Phoenix. Factory CB4SVAWJ… is verified and the creation event is

documented (("create","liquidity_pool") → lp_contract_address in the body, phoenix.md:118). BLOCKERS: (1) the decoder does not decode the create event today, so a factory create classification + child extraction must be added first; (2) phoenix.md leaves open whether the MULTIHOP contract (CCLZRD4E…) emits its own swap events or only relays to pools — if it emits directly, a pool-only gate drops multihop swaps. Resolve (2) empirically against the lake (does CCLZRD4E… appear as a swap emitter?) before choosing the gated set. Mitigation: phoenix topics are String-encoded (MustEncodeString), so they don't collide with the far more common Symbol-encoded swap — collision risk is already lower than soroswap/blend.

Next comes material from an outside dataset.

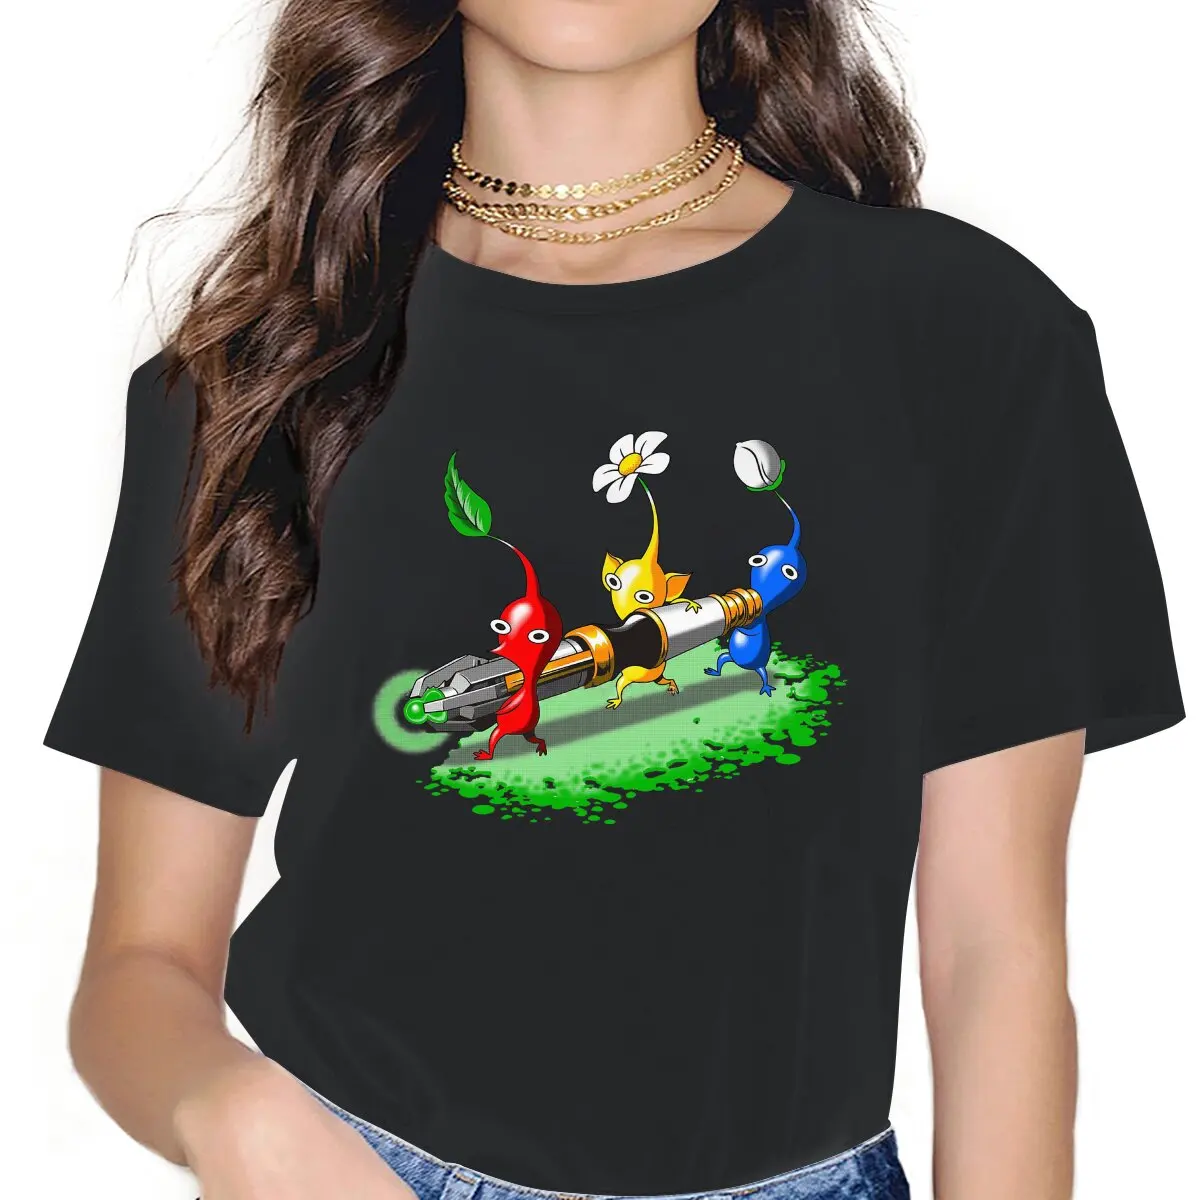 

Fun Who T-Shirt for Women O Neck T Shirts Pikmin Puzzle Game Short Sleeve Tee Shirt Gift Idea Clothing

DeFindex. Three layers: DeFindexFactory (create/n_fee) →

DeFindexVault → BlendStrategy. The vault layer is cleanly factory-anchored, but BlendStrategy contracts are (per the dispatcher comment) "not a hand-curated contract set" and may be SHARED strategy contracts, not factory-created children — so the strategy layer can't be gated by the vault factory. Needs the factory address pinned AND the factory→vault→strategy ownership chain verified (is a strategy created by its vault, or deployed independently?). Topics are namespaced strings (DeFindexVault/BlendStrategy), so collision risk is low — gating is more correctness-hardening than collision-fixing here.

Aquarius. Router-centric (CBQDHNBF… is the entry point / "pool

factory"); pools emit the trade event. BLOCKER: aquarius.md has open TODOs on pool enumeration ("ask Aquarius for / derive from router reads the pool registry") — the pool-creation event shape is NOT pinned, and the decoder has no creation-event handling. Needs the router's pool-creation event (topic + body carrying the pool address) verified before a registry can be built. trade (Symbol) is moderately generic, so gating has real value here once the creation event is known.

Comet. Shared Balancer-v1 WASM, no factory namespace — see "Open:

Comet" above. Adopts an operator allowlist or WASM-hash gate, not the factory fan-out.

ADR-0031 (data-derived coverage signal) — the coverage signal this

protects.

ADR-0033 (completeness verification) — the reconcile this threads

through.

docs/architecture/contract-schema-evolution.md — decoders are

already WASM-version-aware for backfill; this adds contract-identity awareness for attribution.

Reverses the "match broadly, filter downstream" guidance in

CLAUDE.md (updated in the same change).